Shanghai Telecom Triples Cost of Access to Overseas Websites

Shanghai skyline, with Shanghai Telecom tower at far left. Photo by Yhz1221 via Wikimedia Commons (CC BY-SA 3.0)

Shanghai, with Shanghai Telecom tower at far left. Photo by Yhz1221 via Wikimedia Commons (CC BY-SA 3.0)

Customers of China Telecom in Shanghai, known as Shanghai Telecom, have been all but unable to connect to overseas websites since June. Stemming from a supposed lack of bandwidth, the problem is affecting sites that are not “politically sensitive” and thus are not blocked by the domestic censorship filter of the Great Fire Wall, such as Apple and Microsoft official sites.

The problem now has persisted for over a month and appears to be taking a toll on the city's business sector.
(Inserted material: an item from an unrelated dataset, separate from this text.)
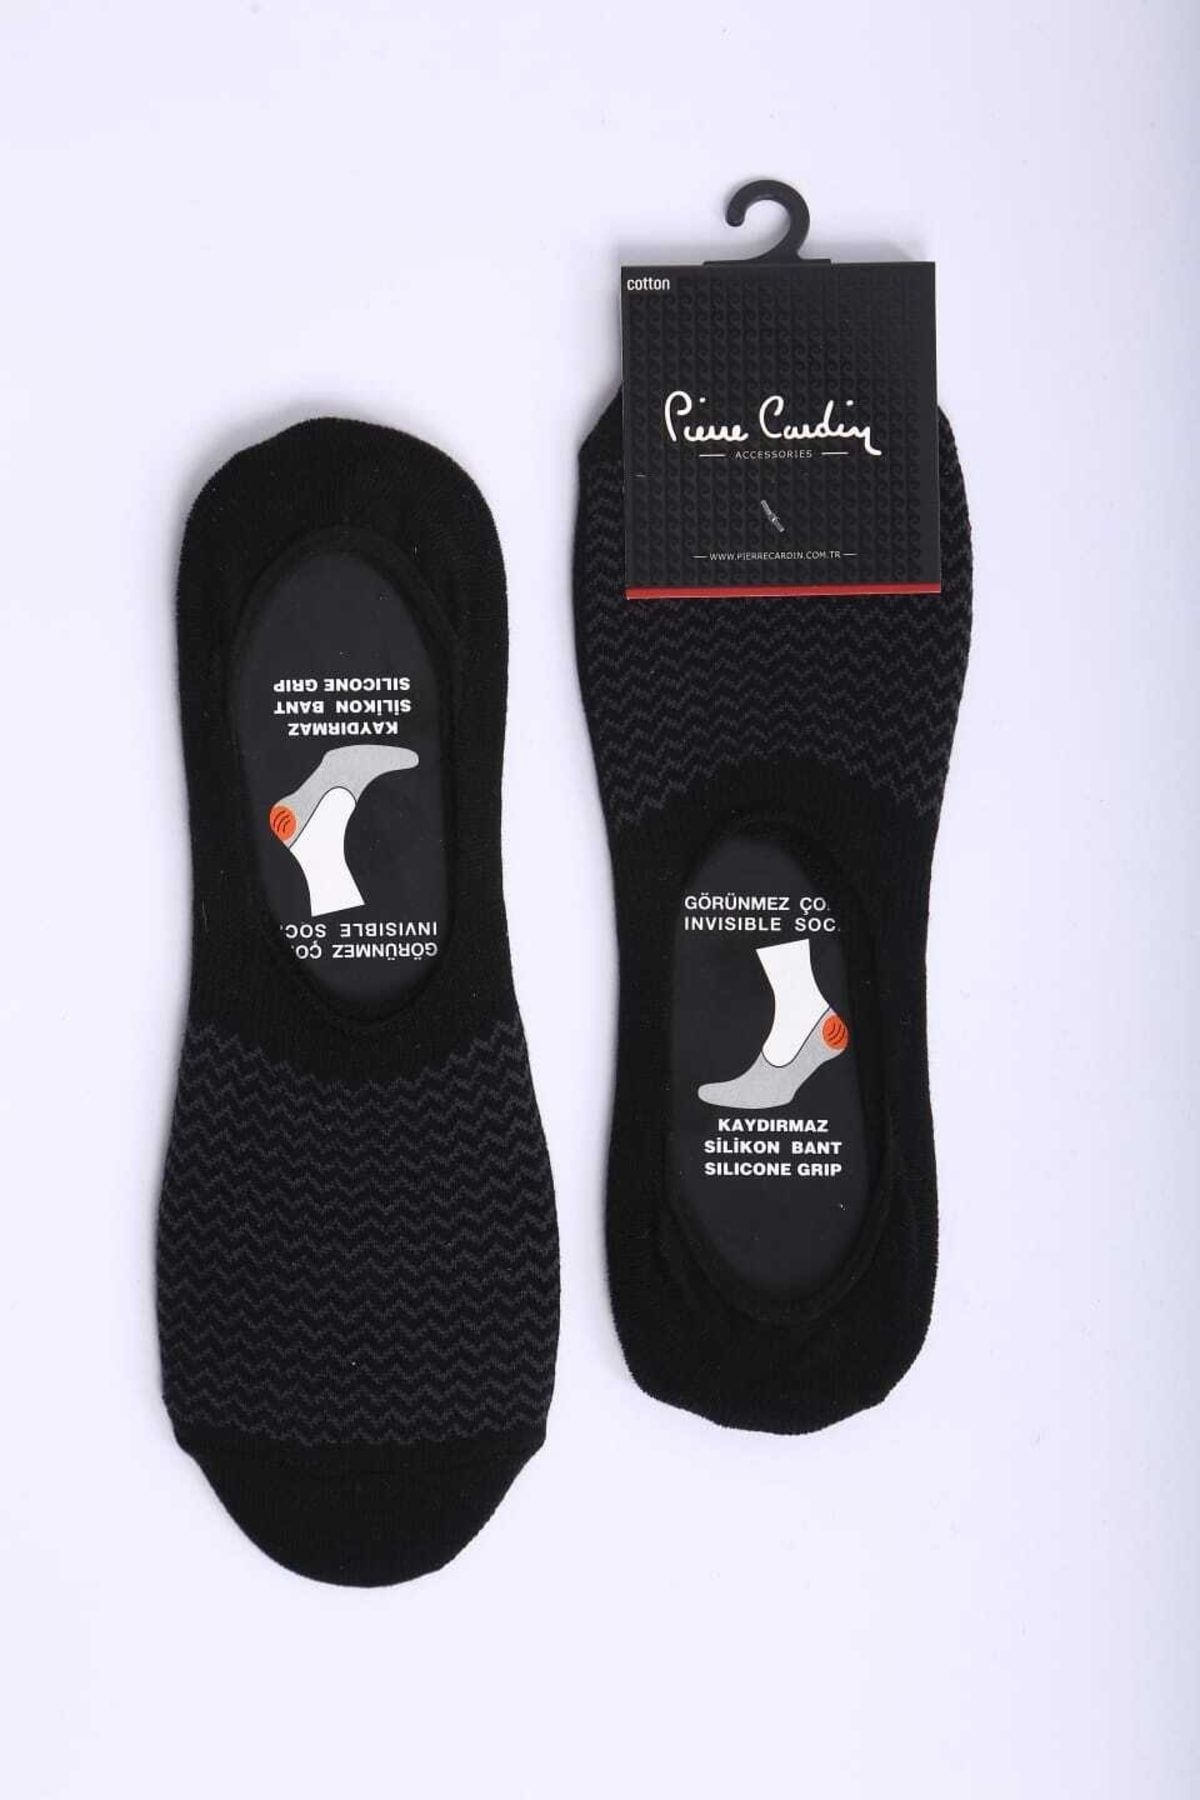 Pierre Cardin Piere Cardin Pamuk 6'lı Siyah Kaymaz Slikon Bantlı Uisex Babet Çorap Pc-403

Shanghai Telecom claims that the situation resulted from a data overloading problem in the nodes that connect to the overseas network.

To ameliorate the situation, Shanghai Telecom now offers customers an “International nitrogen cylinder plan,” which provides 50MB download and 10MB upload bandwidth to Internet users for visiting non-blocked overseas websites. The monthly fee for 24-hour access to overseas sites is RMB$480 (approximately US$70.00). This is triple the cost of a regular Internet access fee of RMB$150 (approximately US$ 25.00). Each “cylinder” — which provides a stable connection to overseas network for 3 hours — costs users RMB$2 (approximately US$ 0.3).
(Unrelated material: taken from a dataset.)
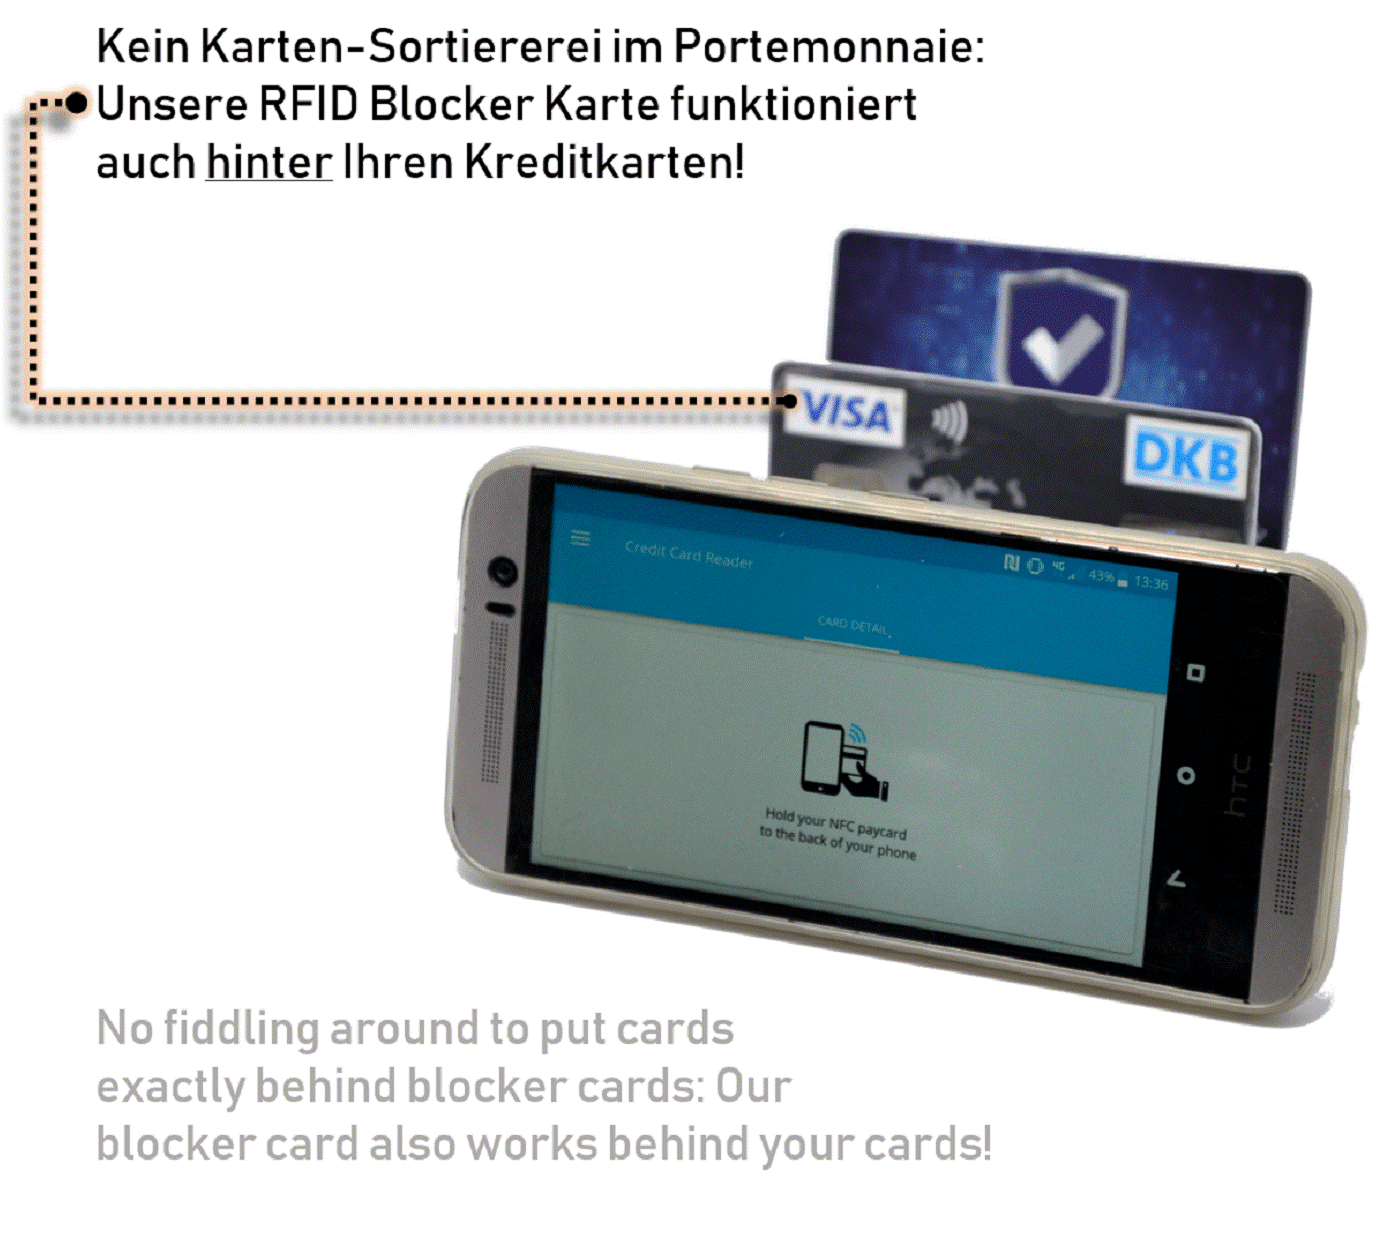 Was ist der Unterschied zwischen einer RFID Blocker Karte & Kartenhüllen / Kartenhaltern?

To visit blocked sites such as Facebook and YouTube, Internet users have to use an additional VPN service.

Ni Eriming, a finance law researcher based in Shanghai, has been calling attention to the situation on China's Twitter-like microblogging platform Weibo since July:


These days, I have been trying to access overseas sites through VPN. The connection has been so slow that I could not access a majority of the sites. I kept changing my VPNs, but the situation has not been improved. Today, I searched around online and found out that Shanghai Telecom had blocked overseas access and it only guarantees domestic network access. It previously launched an overseas access plan call “overseas visit gift shop” and charged for an extra of RMB200 yuan [approximately US$30 dollars], but the service expired on July 16. What can I say?

He further explained the problem he encountered:


This time I attempted to visit American Airlines’ website to book plane tickets, a hotel booking site, US government site, overseas travel advice sites. All failed even with/without VPN. I reinstalled the computer system and still failed. I was so frustrated and searched around for solution. It seems that all domestic Internet plans’ overseas visit have been blocked. I was totally terrified.

As the original Internet connection contract includes overseas Internet access, Ni called Shanghai Telecom to inquire about fixing the network. A repair worker told him the problem “could not be fixed”:


Today, I called the maintenance service. The telecom repair worker came. Upon hearing my complaint about the problem of overseas access, he told me directly that it could not be fixed. All of China is experiencing this problem and they don't have any solution. The previous “overseas access gift shop” did not work well and ceased to operate….

However, netizens in other regions, such as Guangzhou, say they haven't encountered the same problem. Many believe that Shanghai Telecom's business strategy is at fault.

In April 2015, Chinese Premier Li Keqiang prompted the industry to cut mobile Internet service charges and increase traffic speeds. The Ministry of Industry and Information Technology, the industry regulator, pledged to find ways to lower prices on fourth-generation telecom services. As the country's first free trade zone, Shanghai Telecom's latest move may be a business experiment intended to meet policy objectives by lowering the price of domestic Internet access and then compensating for those losses by increasing charges for overseas access.

Social media users have expressed outrage over Shanghai Telecom's response to customer complaints and the launch of the “International nitrogen cylinder plan.” China Digital Times published copies of some of the online responses to the situation:


Spellingford: #ShanghaiTelecom restrict overseas Internet #access. This is a commercial fraud. It restricts consumers’ connections without telling them. Even when you sign up for the service, they do not notify the consumers. Isn't this an illegal monopoly behavior?


Lin Peimeng: Shanghai claims that it has to compete with Hong Kong to be an international city. But it can't even link to overseas sites. What I am talking about it is not politically sensitive sites, but sites such as overseas universities, corporations, and tech communities. Even with paid VPN services, the connection cannot be made. I have been trying to access Microsoft official sites, but failed after three attempts. Let's compete with Pingyang, don't insult Hong Kong.


Huang Jiawei 1984: As a Chinese citizen, at this moment, I support the US imperialism to tear down the Great Fire Wall. Chinese people suffers too much.

As Shanghai Telecom is a sub-branch of China Telecom, many wonder if services will soon begin to falter in other cities in China. If commercial restrictions on accessing overseas sites becomes common practice nationwide, the Chinese Internet could become a de facto domestic network for the majority of Internet users.